Now that you're familiar with typing in erroneous expressions, let's get back to trying legal ones.

If you've exited your Scheme system, fire it up again.

Type in the addition expression (+ 2 3), and hit <return>. (From now on, I'll skip saying "and hit <return>." I'll also stop showing the prompt Scheme gives you after printing the result of an expression.)

Scheme>(+ 2 3)
5

Again, Scheme evaluated the expression, printed the result, which was (a pointer to) 5, and gave you a prompt to type in something else. Notice that it didn't save the value anywhere. It just printed out the result.

The value we gave to myvar earlier is still there, though. We can ask Scheme what it is, just by typing in a variable reference expression, i.e., just the variable name.

Scheme>myvar
10

Scheme has kept track of the storage named myvar, and it evaluates the expression myvar by looking up the value. Then it prints out that result, and gives you another prompt, as it always does.

To change the value stored in the binding of myvar, and look at the new value, just type in a set! expression and then the name of the variable, like this:

Scheme>(set! myvar 32)
#void
Scheme>myvar
32

You may see a different result for the set! expression. Standard Scheme doesn't specify the return value of set!, because you generally use it for its side-effect, not its result. As with define, your system may return something different. It may also suppress the printing of this useless value, so you may not see anything at all.

In some Scheme systems, the value of a set! expression is the name of the variable being set, so you may see somthing like this:

Scheme>(set! myvar 32)
myvar
Scheme>myvar
32

(In other systems, it's something else, like the old value of the variable you're clobbering.) You should not depend on the value returned by the set! if you want your program to be portable. In the example above, it doesn't really matter what result the set! returns, except that that's what gets printed out before you get a new prompt. What matters about set! is its effect, which is to update the value of the variable binding. As we can see, it had its effect--when we evaluate the expression myvar, it returns the new value, which is printed out: 32.

We can also use more complicated expressions--just about anything. Now we'll increment the variable by five, and again ask Scheme the value of the variable.

Scheme>(set! myvar (+ myvar 5))
#void
Scheme>myvar
37

Now let's define a procedure that expects a number as its argument, and returns a number that's twice as big. Then we'll call it with the argument 2.

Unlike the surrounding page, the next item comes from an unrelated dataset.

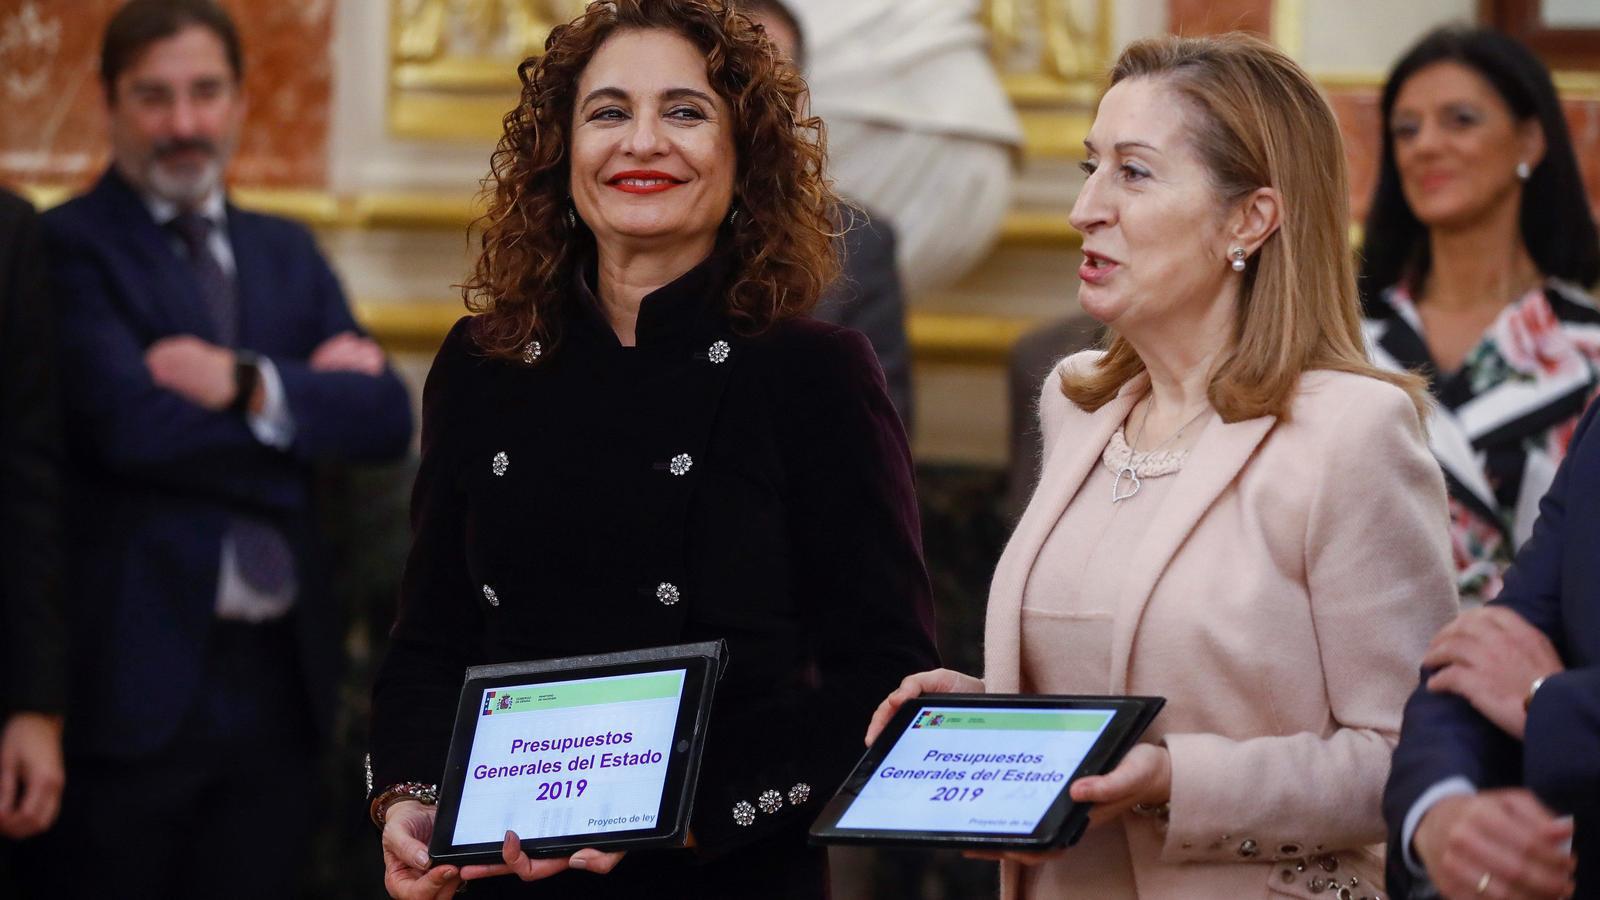 La ministra d'Hisenda, María Jesús Montero entrega a la presidenta del Congrés, Ana Pastor, el Projecte de Pressuposts

Scheme>(define (double x) (+ x x))
#void
Scheme>(double 2)
4

After evaluating the first expression, Scheme keeps track of the definition of double. When we type in the second expression, Scheme calls that procedure, which returns a result, which Scheme prints out.

Since Scheme keeps track of the variables and values we typed in earlier, we can call double to double the value of myvar:

Scheme>(double myvar)
74

We can define new procedures in terms of old ones. (Actually, we did this when we defined double---it's defined in terms of +, which is predefined, i.e., Scheme knows that definition when it starts up.)

Scheme>(define (quadruple x) (double (double x)))
#void
Scheme>(quadruple 15)
60

Now try using the predefined Scheme procedure display.

Scheme>(display "Hello, world!")
Hello, world!
#void

Here display had the side-effect of printing Hello, world! to the screen, and returned the value void#, which was printed.

What you see on the screen may vary in a couple of ways, neither of which is worrisome. Your system may have printed the return value on the same line as the (side-effect) output of display, without a linebreak. Since the main use of display is for its effect, its return value is undefined, so you may see something other than #void, or nothing at all. You might see this:

Scheme>(display "Hello, world!")
Hello, world!
"Hello, world"

If you do, it means that in your system display returns the object you asked it to display. Then Scheme prints out that return value, with double quotes to tell you it's a string object. This shouldn't be too surprising--remember that Scheme prints out the return values of expressions after evaluating them.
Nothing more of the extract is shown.